Beat this! Accurate beat tracking without DBN postprocessing

Francesco Foscarin,Jan Schlüter,Gerhard Widmer
2024-07-31
Abstract:We propose a system for tracking beats and downbeats with two objectives: generality across a diverse music range, and high accuracy. We achieve generality by training on multiple datasets -- including solo instrument recordings, pieces with time signature changes, and classical music with high tempo variations -- and by removing the commonly used Dynamic Bayesian Network (DBN) postprocessing, which introduces constraints on the meter and tempo. For high accuracy, among other improvements, we develop a loss function tolerant to small time shifts of annotations, and an architecture alternating convolutions with transformers either over frequency or time. Our system surpasses the current state of the art in F1 score despite using no DBN. However, it can still fail, especially for difficult and underrepresented genres, and performs worse on continuity metrics, so we publish our model, code, and preprocessed datasets, and invite others to beat this.
Sound,Machine Learning,Audio and Speech Processing
What problem does this paper attempt to address?
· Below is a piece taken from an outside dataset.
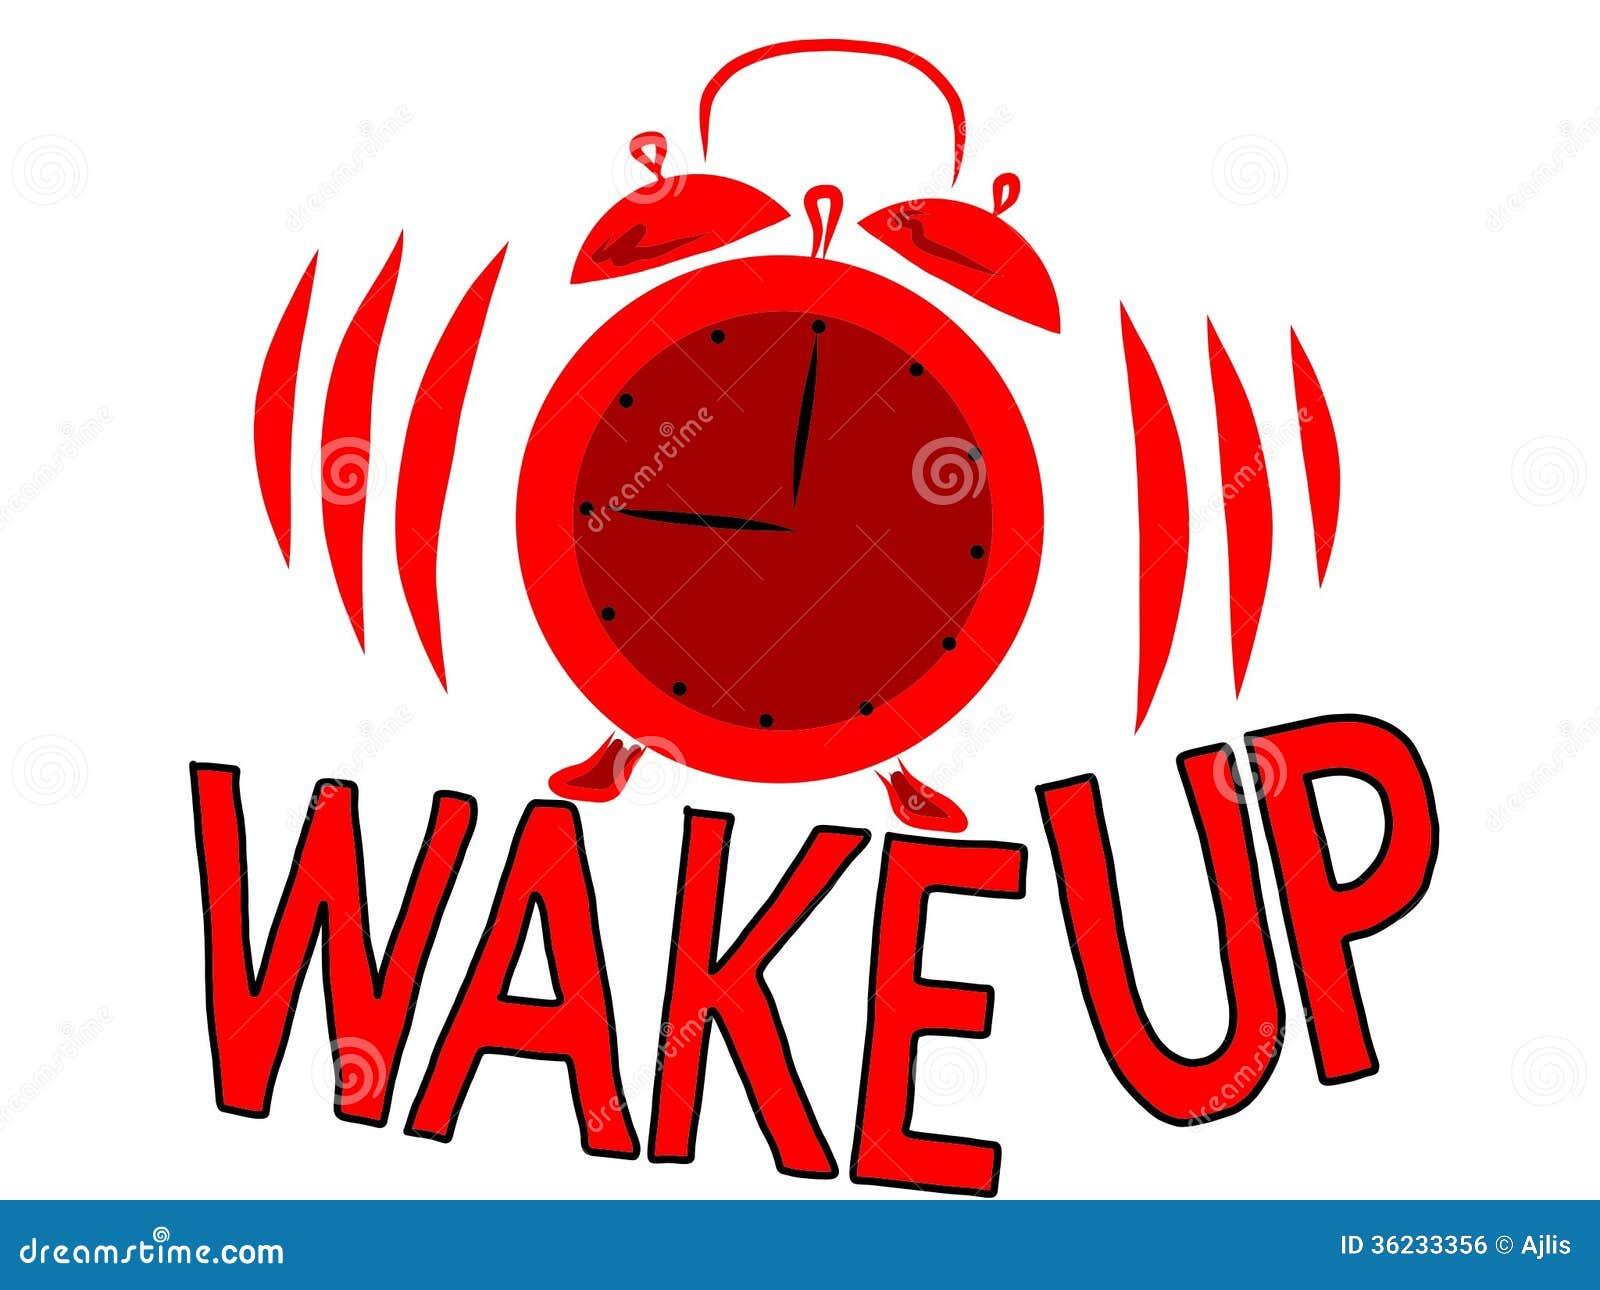 Wake Up Royalty Free Stock Image - Image: 36233356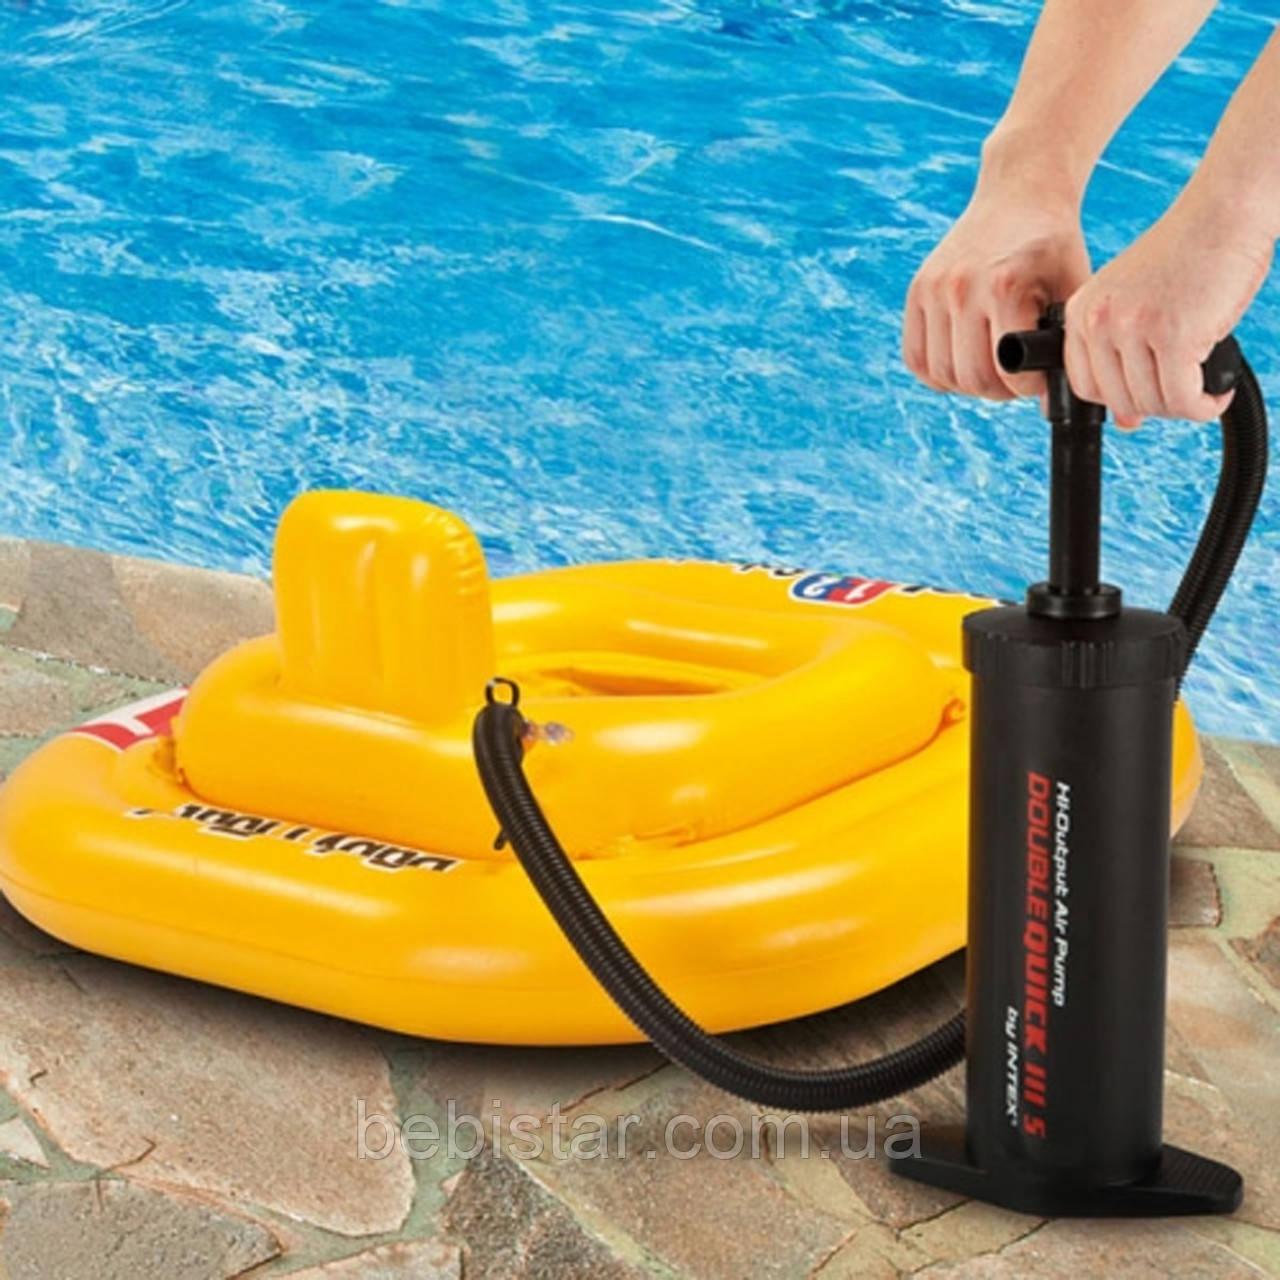 Ручной насос Intex 37 см для накачивания бассейнов, надувных кроватей, детских игрушек и мячей

The problem that this paper attempts to solve is to improve the accuracy and universality of music beat and downbeat tracking, especially when dealing with music with complex rhythm changes and uncommon time signatures. Specifically, the paper mainly focuses on the following aspects: 1. **Removing DBN post - processing**: - The paper proposes a new system aiming to improve the universality and accuracy of the system by removing the commonly - used Dynamic Bayesian Network (DBN) post - processing step. DBN is usually used to limit the range of rhythm and tempo changes, but when dealing with music segments with time - signature changes, tempos outside a specific range, or the number of beats per bar not in the list of supported values, DBN may fail. 2. **Improving the generalization ability of the model**: - In order to improve the generalization ability of the model, the researchers used multiple datasets for training, including solo - instrument recordings, works containing time - signature changes, and classical music with high - rhythm changes, etc. This enables the model to better adapt to different types of music. 3. **Improving the loss function and model architecture**: - To improve accuracy, the researchers developed a loss function that is tolerant to small - time - offset of annotations and designed an architecture that alternately uses convolution and transformers to process input data in the frequency or time dimension. This architecture helps to capture complex features in the music signal. 4. **Dealing with poor performance in continuity evaluation metrics**: - Although the proposed system outperforms existing methods in the F1 score, it performs poorly in continuity evaluation metrics (such as CMLt and AMLt). The researchers explored possible reasons, including that the loss function does not specifically penalize non - periodic predictions and that there are some non - periodic annotations in the dataset. 5. **Open - source code and pre - processed datasets**: - To promote further research, the authors released their model, code, and pre - processed datasets, inviting other researchers to try to surpass this achievement. In summary, the main goal of this paper is to develop an efficient beat and downbeat tracking system without relying on DBN post - processing, thereby improving its performance in diverse music types and providing a strong foundation for subsequent research.